Читальный зал
Война стреляющих слов
21.03.2014 На днях в телевизионной программе ведущий задал мне вопрос: «Должен ли писатель вмешиваться в политическую дискуссию?». Я ответил: «Да, несомненно. Писатель не может и не должен оставаться в стороне от общественной жизни, особенно «в минуты роковые», и действовать своими средствами».
Нетрудно понять, что речь шла о накаленной российско-украинской ситуации. Как и нетрудно догадаться, что главное средство воздействия писателя на общество – не пуля, а слово. Хотя, как показывает история, писатель может и затвор передернуть в случае необходимости; такое случалось. Что ж: пуля поражает одного, а слово – толпы…
Мой оппонент, доктор-историк, нажимал на то, что киевские революционеры, придя к власти, «запретили русский язык» и тем самым развязали «языковый геноцид». Я не соглашался с доктором: какой геноцид, что за чепуха! Речь, таким образом, шла о войне языков, войне слов в Украине. Да и наши с доктором слова отважно воевали друг с другом под сводами телевизионной студии. В споре рождается истина – какое заблуждение! Может, во времена Сократа спор выглядел иначе… А нынче каждый из спорщиков по ходу дискуссии лишь закаляется в своем мнении, если только спор не перетекает в потасовку, в результате которой выявляется несомненный победитель или объявляется «ничья».

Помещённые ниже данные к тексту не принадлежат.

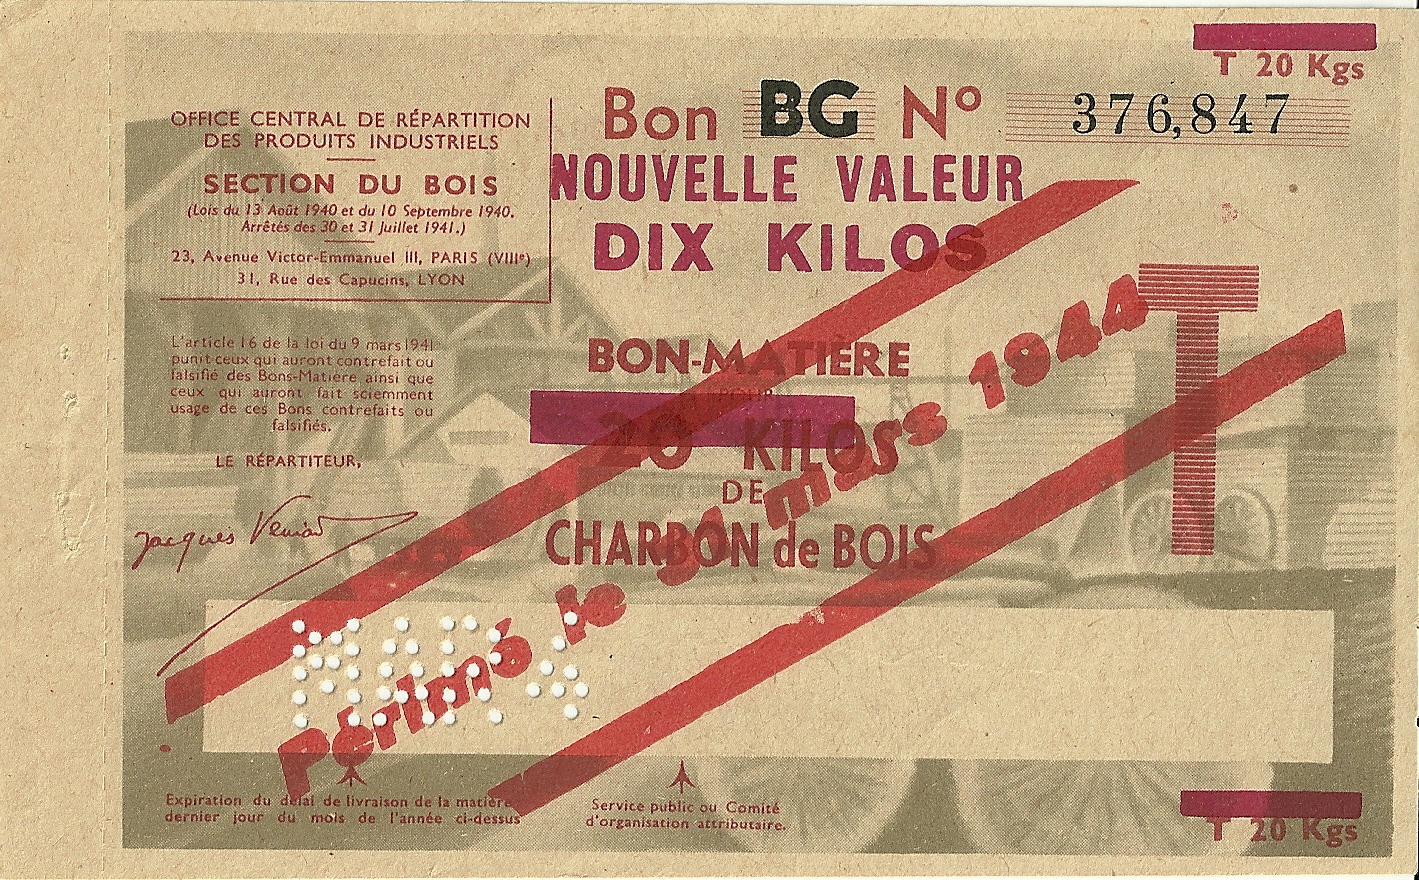 SECTION DU BOIS - Bon BG - BON-MATIERE POUR 20 KILOS DE CHARBON de BOIS - NOUVELLE VALEUR DIX KILOS - 376,847

«Война языков» сводится в Украине к утверждению государственного языка страны. Нам, израильтянам, это близко: мы это проходили. Сначала пришел великий гуманитарий Элиэзер Бен-Иегуда и изрек, что древний язык, на котором говорили наши предки в своей отчизне до разрушения Храма и рассеяния, будет возрожден. Провидцу не поверили: как возможно возродить «растаявший» язык и к тому же заставить принять его евреев, говорящих, как на родном, на десятках языков мира, по местам проживания! Но Бен-Иегуда начал с малого: подал личный пример, и успех сопутствовал первопроходцу.
А потом пришел политик Бен-Гурион и заявил: «Единый народ – один язык!» Речь, разумеется, шла об иврите на еврейской земле. Говорить на другом языке, обучать ему детей – это считалось просто «западло»! В нынешней России такое поведение назвали бы «непатриотичным». Израильские евреи пошли на это, прямо скажем, силовое ограничение – потому что понимали, что за свободу и независимость надо платить: кровью, уровнем жизни, деньгами, отказом от языковой культуры вчерашнего прошлого. «Единый народ – один язык!» Евреи чаще, чем другие, вспоминали притчу о судьбе Вавилонской башни у наших соседей, и не хотели повторения этой истории у себя.
Утверждению иврита в Израиле предшествовала ожесточенная «война языков». Евреи настойчиво предлагали новому государству язык, понятный массам: идиш, арабский или один из европейских. Непререкаемый Бен-Гурион, к недовольству многих, отверг эти предложения, утвердив иврит государственным языком страны. «Идеалист» Ахад-Гаам победил; это бывает редко, но иногда такое у нас случается. Сегодня, когда жизнь воскрешенного иврита ни у кого не вызывает сомнений и жалобных причитаний, Израиль может себе позволить естественное многоязычие своих граждан; это уже не помеха Господину ивриту… Людям Украины – и украинцам, и этническим меньшинствам – было бы полезно присмотреться к нашей недавней языковой истории.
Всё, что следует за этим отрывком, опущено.